Why I said yes to Guidione
This is Guidione Machava's idea, not mine. He built World Class Design, and when he asked me to come on board to run distribution, I didn't need much convincing. Guidione and I go back years. We ran World Class Design conferences together back when I was in France, meeting founders and designers through Mistral, Epitech and Station F. We've also been building The Lawyer Guide together for more than a year now. I know how he thinks, how he executes, and how he handles pressure when things don't go as planned.

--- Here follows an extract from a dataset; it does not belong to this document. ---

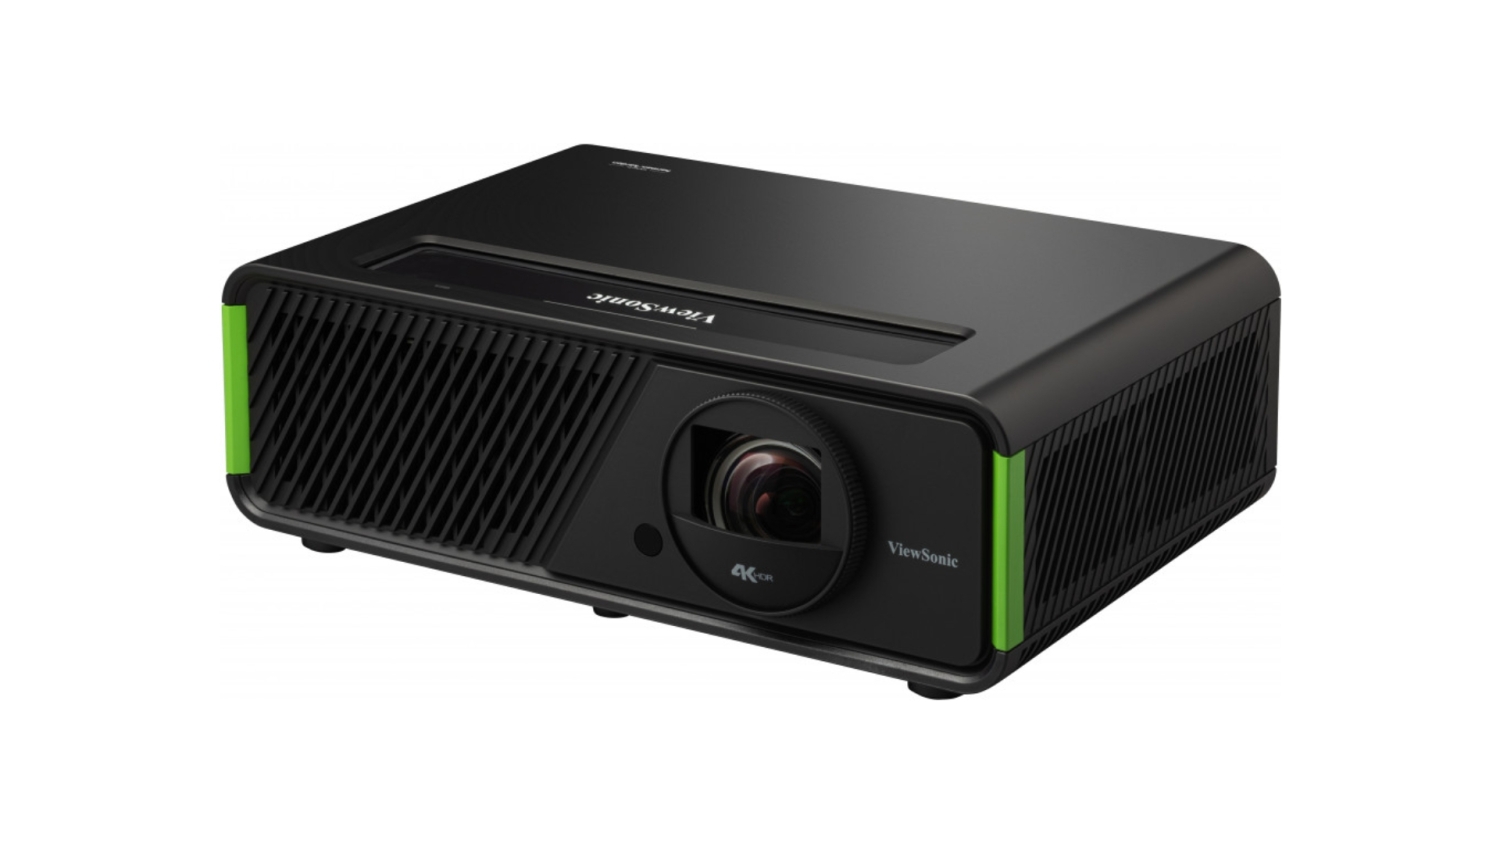 TweakTown Enlarged Image - The new ViewSonic X2-4K projector is designed for Xbox Series X|S and gaming, image credit: ViewSonic.

That kind of trust doesn't come from a pitch deck, it comes from actually building something together first.
Where we're starting
We're not launching everywhere at once. France is first, because Guidione is based there and we can put a sales team on the ground immediately. On my side, I'm developing Singapore myself, which means meeting founders directly, pitching the product in person, and organizing conferences the same way we did in France. This isn't a platform we're going to grow purely through ads and hope. It's going to grow the same way trust always grows, one real conversation at a time, in the markets where we can actually show up.
Today I'm officially joining Guidione on World Class Design as Chief Commercial Officer, responsible for getting this product in front of the companies and designers who need it. The design hiring market has been stuck for a long time, running on outdated assumptions about what a good process looks like. Guidione built something that actually challenges that, and I'd rather put my energy into getting it in front of people than watch someone else get there first.